- [Assigned task] As the answer, set down the lines below from the one containing "Ralph Lauren Collection" through the one containing "La presidenta de", exactly and inclusively, and no others.

- [Entries shown]
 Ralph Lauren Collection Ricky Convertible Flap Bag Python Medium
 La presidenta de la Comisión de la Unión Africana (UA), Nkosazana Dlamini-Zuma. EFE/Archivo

---

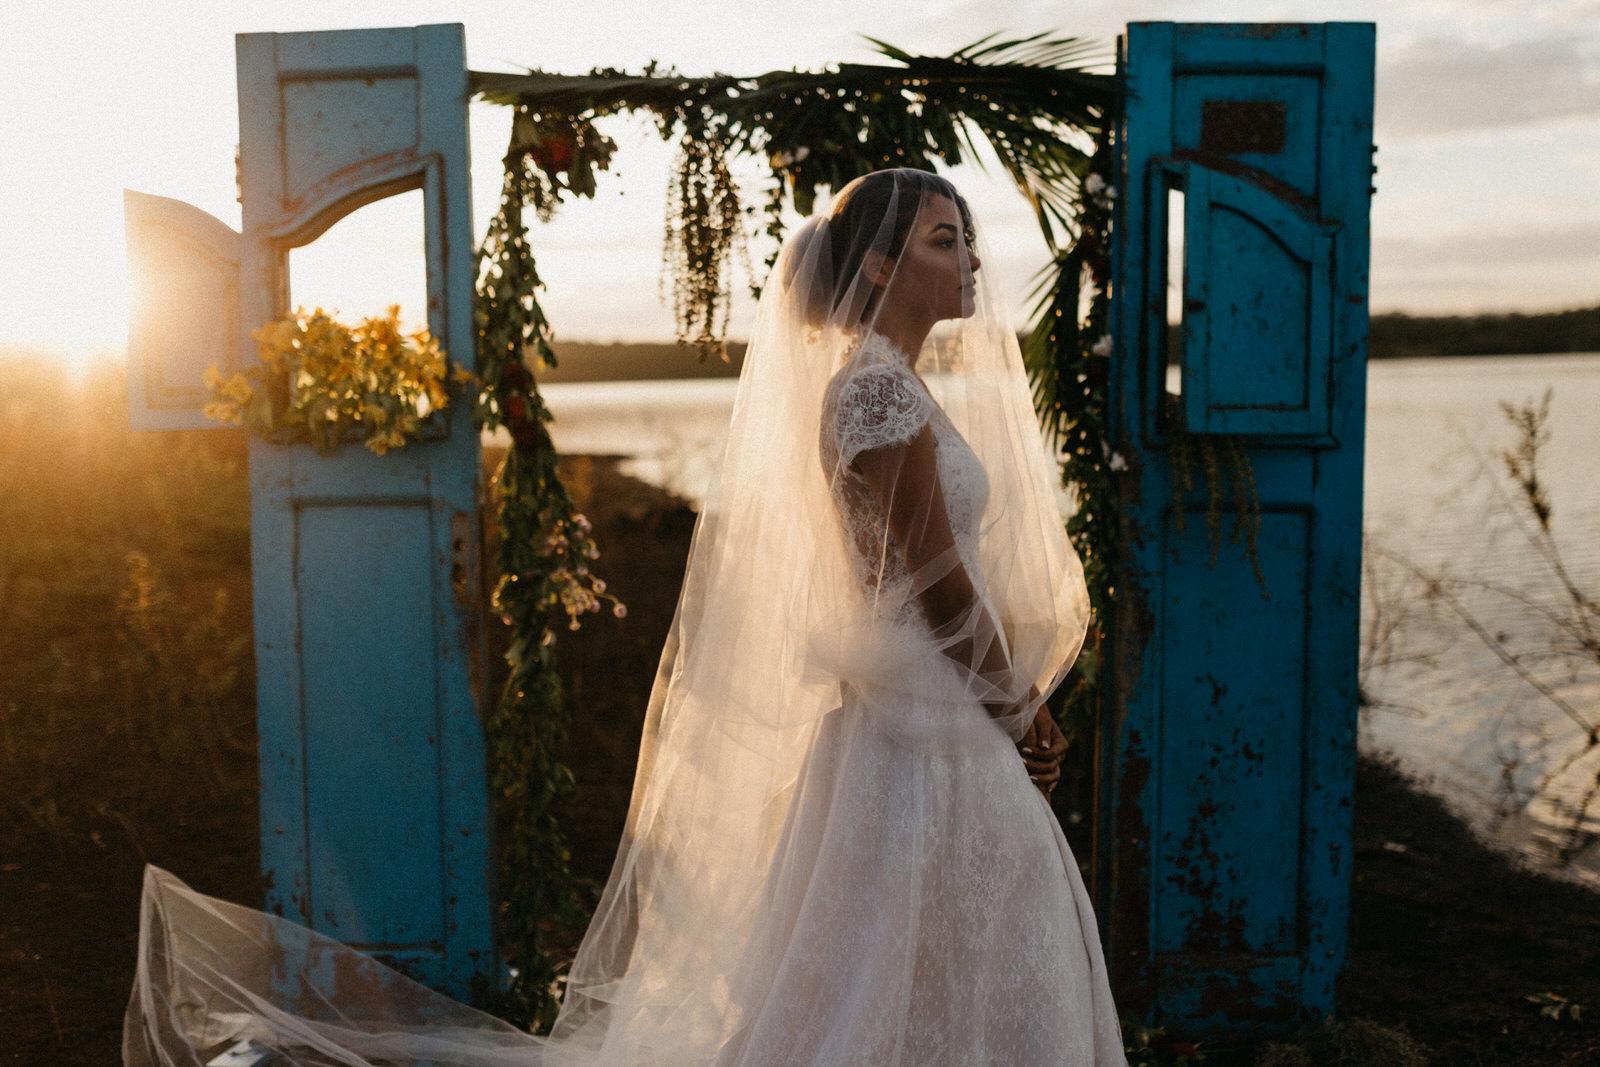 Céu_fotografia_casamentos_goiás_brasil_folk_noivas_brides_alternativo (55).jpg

---

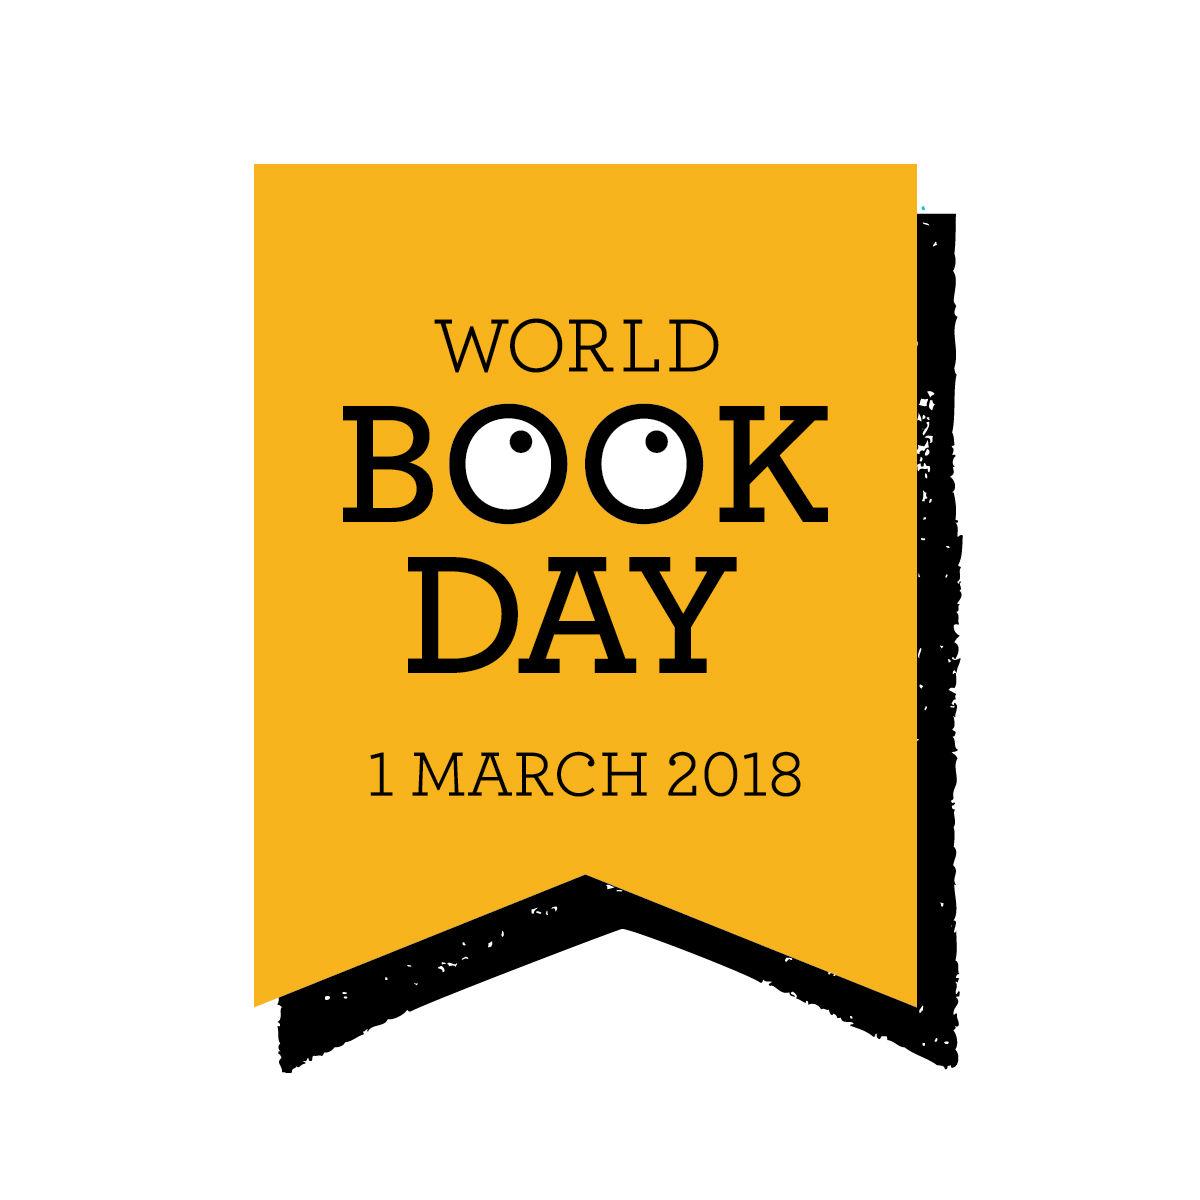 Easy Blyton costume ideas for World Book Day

- [Solved exercise]
 Ralph Lauren Collection Ricky Convertible Flap Bag Python Medium
 La presidenta de la Comisión de la Unión Africana (UA), Nkosazana Dlamini-Zuma. EFE/Archivo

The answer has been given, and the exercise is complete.